The stress and strain of keeping up that level of intense air fighting was immense, and as well as flying over England three or four times a day, they were still regularly being bombed by marauding Blenheims. On their second morning at Mordyck, Siegfried Bethke and his fellows were shaken when a Blenheim came over early and dropped a number of bombs over them. As Hans-Ekkehard Bob points out, there was another meaning to Kanalkrank. ‘It also means your nerves are shot,’ he says, ‘and you simply cannot fly any more.’ At Coquelles, Ulrich Steinhilper noticed that the evening debates were becoming increasingly heated and that tempers had started to fray. One evening, Hinnerk Waller, one of their pilots, became so upset he stormed out of the tent, threatening to shoot himself. ‘The strain of unrelenting front-line flying,’ noted Ulrich, ‘was beginning to show.’
43
Black Saturday
ON 28 AUGUST, Colonel Raymond Lee accompanied Admiral Robert Ghormley and his US naval ‘observation’ team to Dover as guests of the Prime Minister. It was Lee’s second trip in a week to what the journalists had christened ‘Hellfire Corner’, and once again he felt it did not seem quite so dangerous or knocked about as the press were making out. The children had long ago been evacuated, but the shops and pubs were still open and he could only see a few destroyed houses and buildings.
Fighting had developed above them, however. They could clearly see aircraft droning and whirling about the sky, machine guns occasionally sputtering. Then one German plane dived down almost vertically with a high-pitched whine, finally crashing with a dull ‘whoomph’, followed by a pilot drifting down in his parachute. At the same time, a German bomber hurtled into the sea with a large splash.

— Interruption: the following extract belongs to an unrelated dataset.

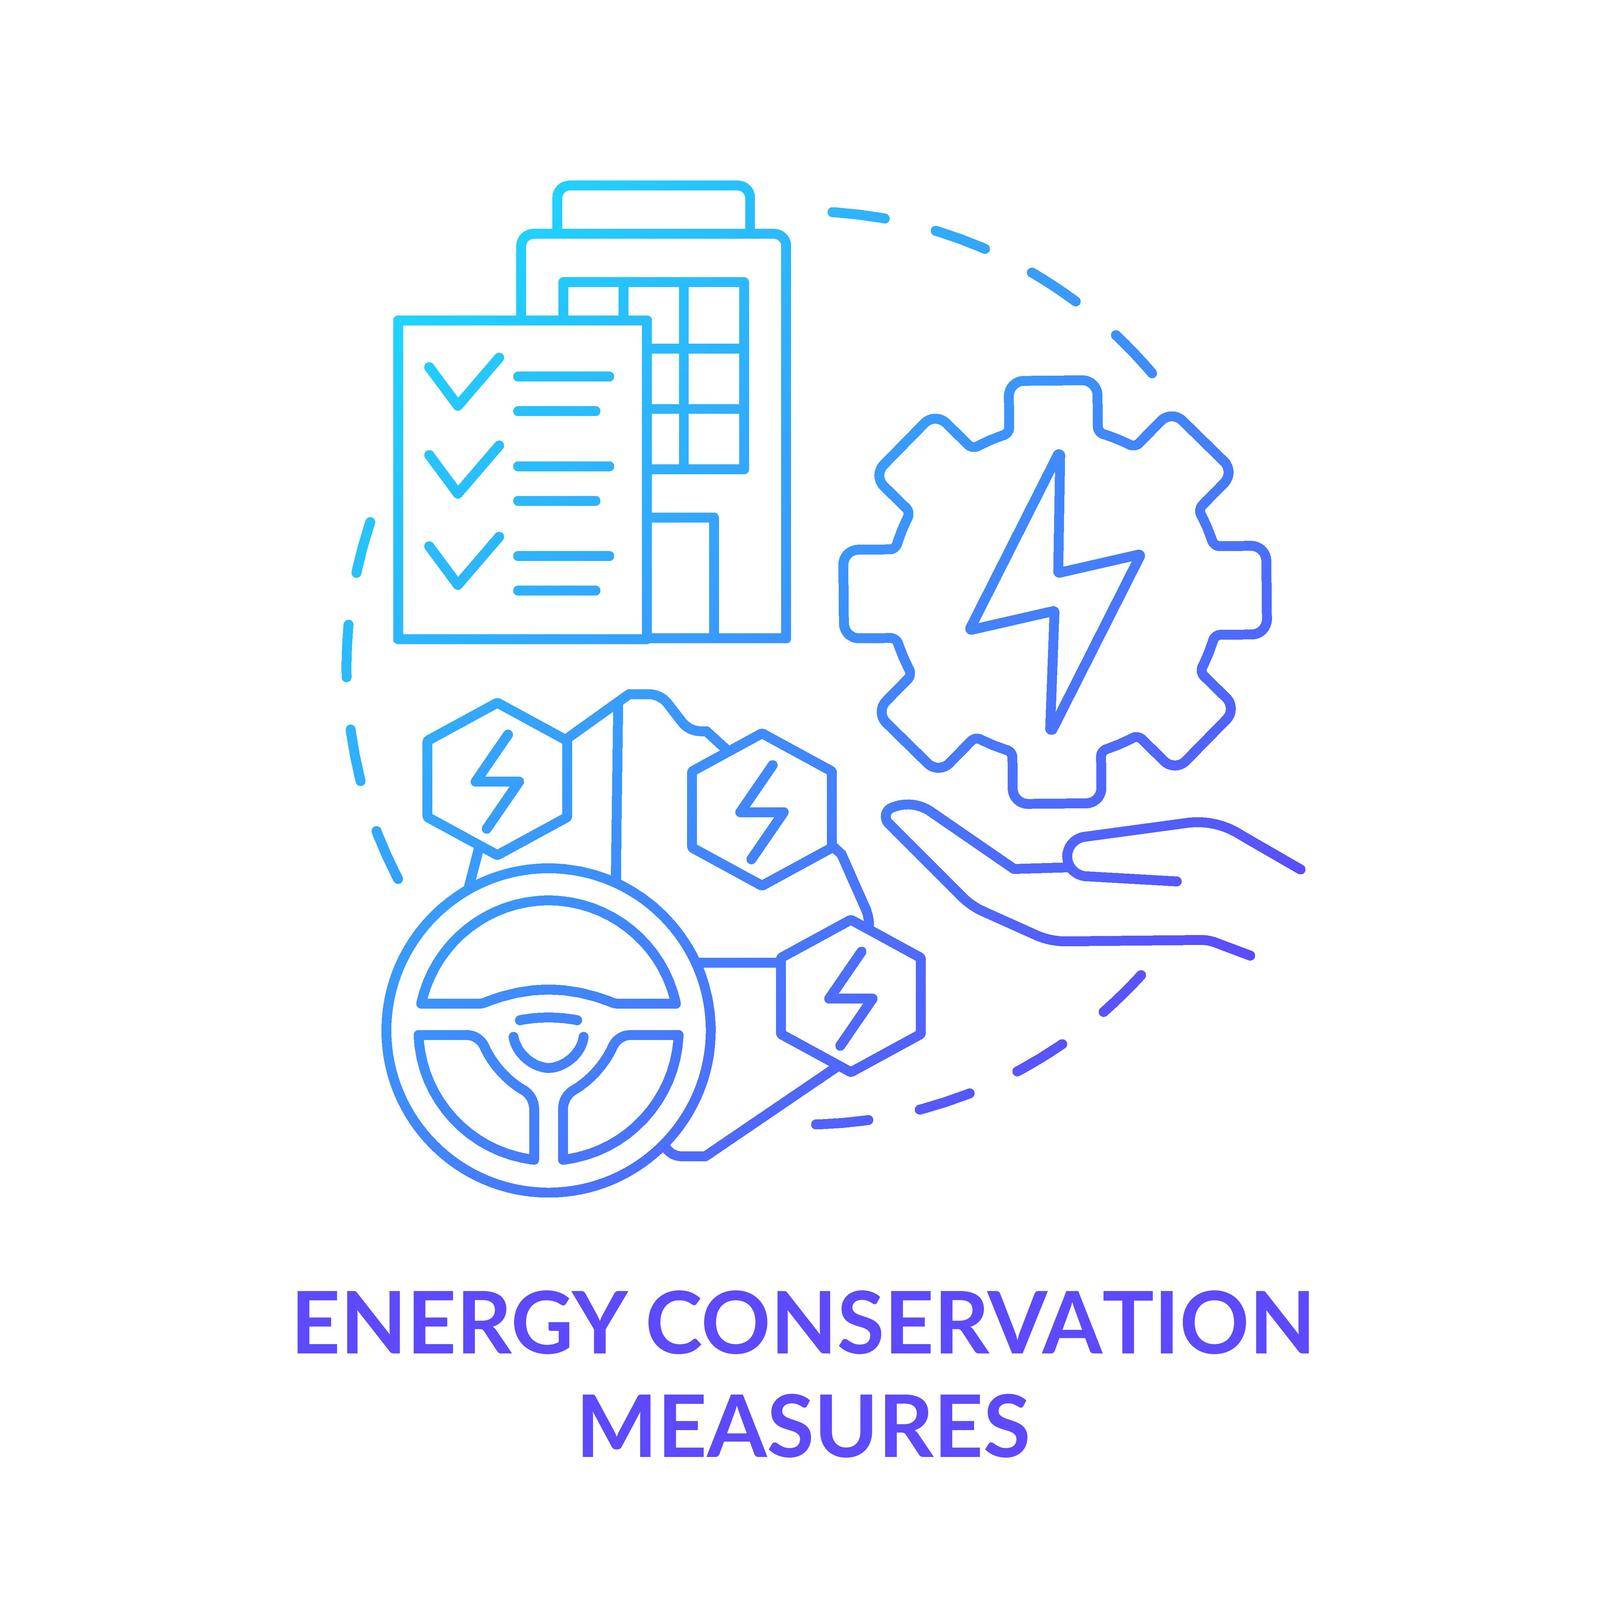 Energy conservation measures blue gradient concept icon by bsd
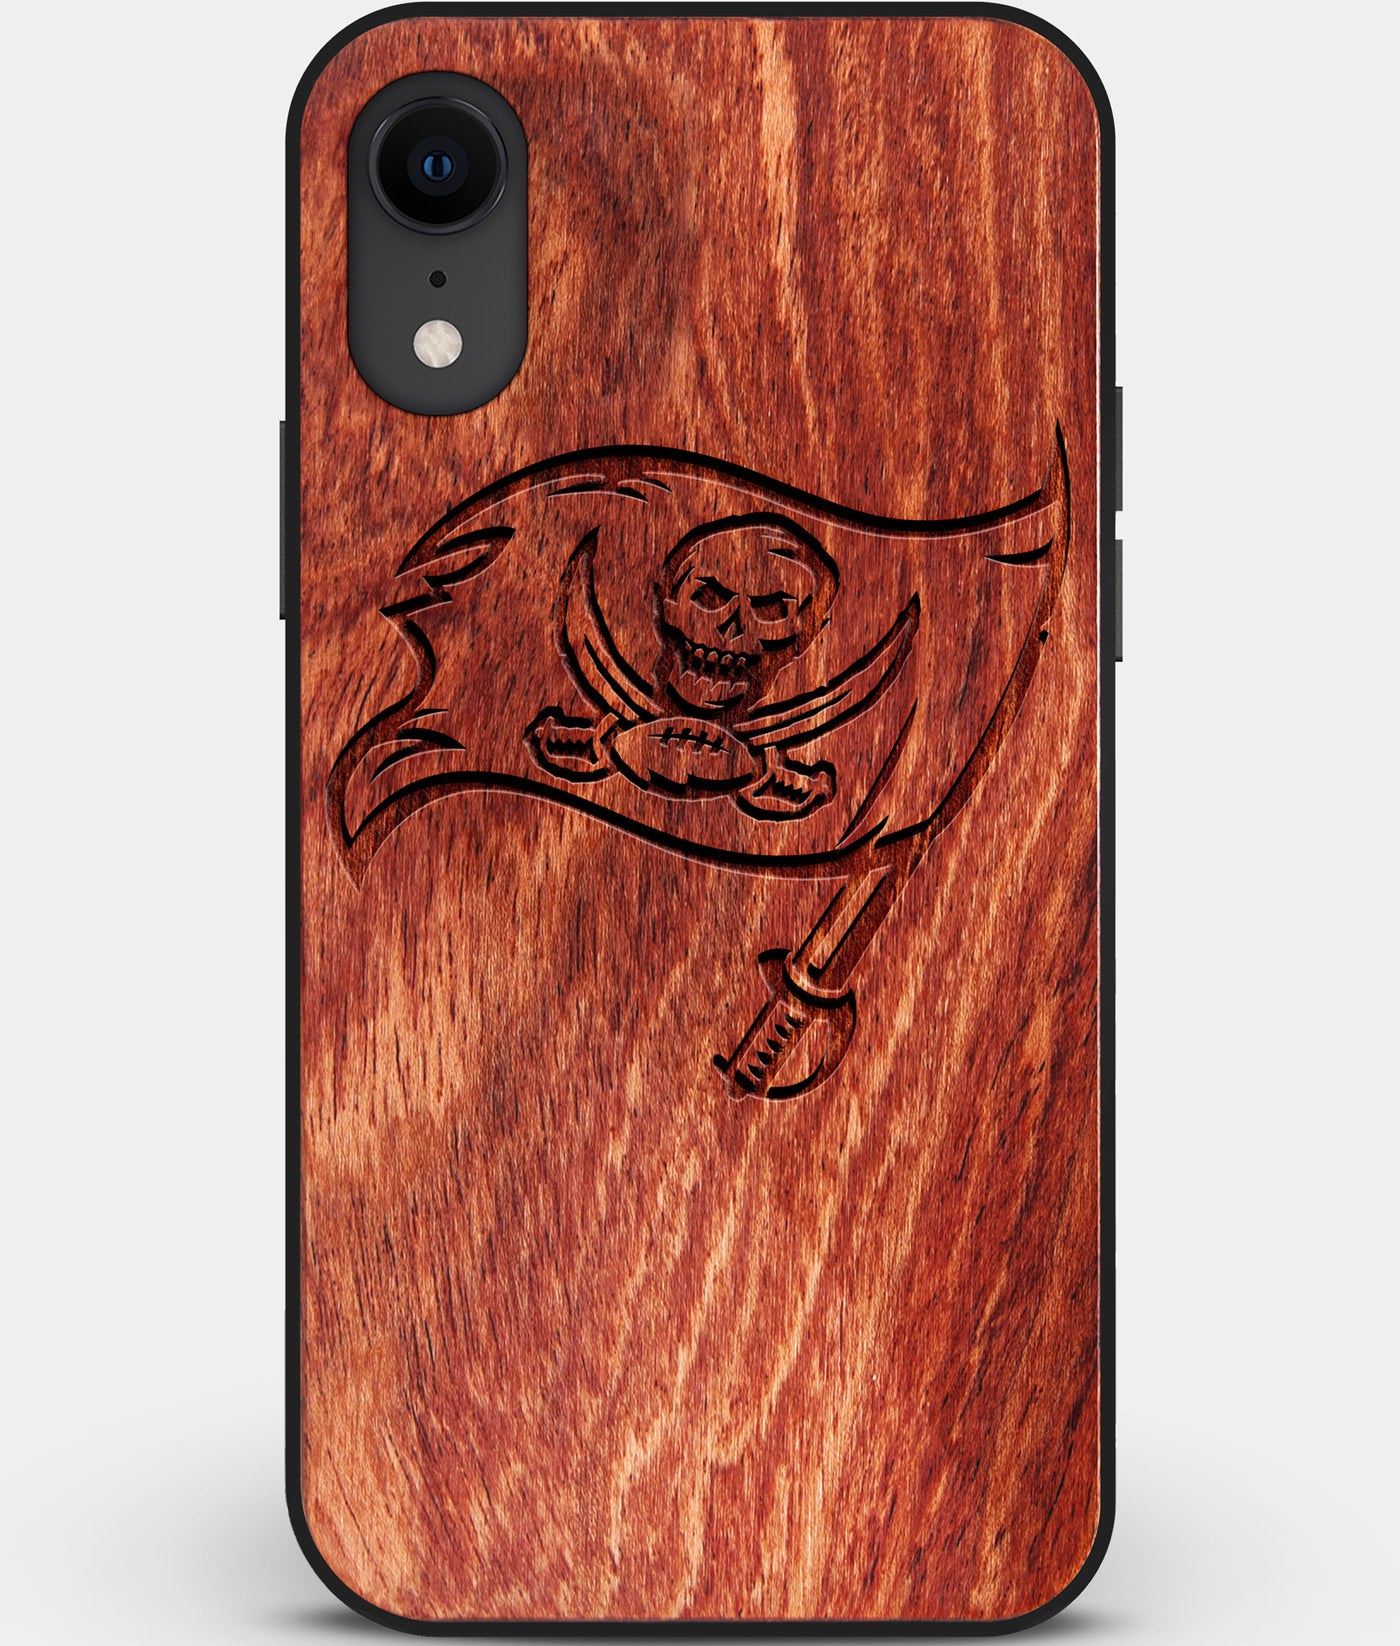 Custom Carved Wood Tampa Bay Buccaneers iPhone XR Case | Personalized Mahogany Wood Tampa Bay Buccaneers Cover, Birthday Gift, Gifts For Him, Monogrammed Gift For Fan | by Engraved In Nature

They lunched at Dover castle, from where they could clearly see Calais. ‘It seemed queer to observe the long stretch of French coast,’ noted Lee, ‘and think that along it are strung the hordes of Hitler, crowding up against the Channel for a pounce upon England.’
A few days later, Ambassador Kennedy invited Churchill and Admiral Ghormley and his team to dinner at the Embassy. The Prime Minister suggested they call it the ‘Destroyers Dinner’ since the deal was due to be signed the next day. The Ambassador was still feeling sidelined and humiliated, having been completely ignored in the negotiations. Over dinner, however, Kennedy learned that the Prime Minister knew almost nothing about the ships that were to be handed over and was learning very little from Admiral Ghormley. ‘Will they be able to come across the ocean on their power?’ Beaverbrook eventually asked impatiently.
‘Perhaps,’ Kennedy replied.
‘Well, I always expected that if I made such a gesture,’ said Churchill cheerfully, ‘you would have to give us something, and, of course, I believe that something is going to be, sooner or later, big financial credits or gifts.’
‘Don’t let America,’ added Beaverbrook, ‘think she is settling for these bases with these old worn-out destroyers.’
Having always suspected that the deal was more about drawing the US into the war than the need for ships, Kennedy now felt Churchill and Beaverbrook were revealing their true hands.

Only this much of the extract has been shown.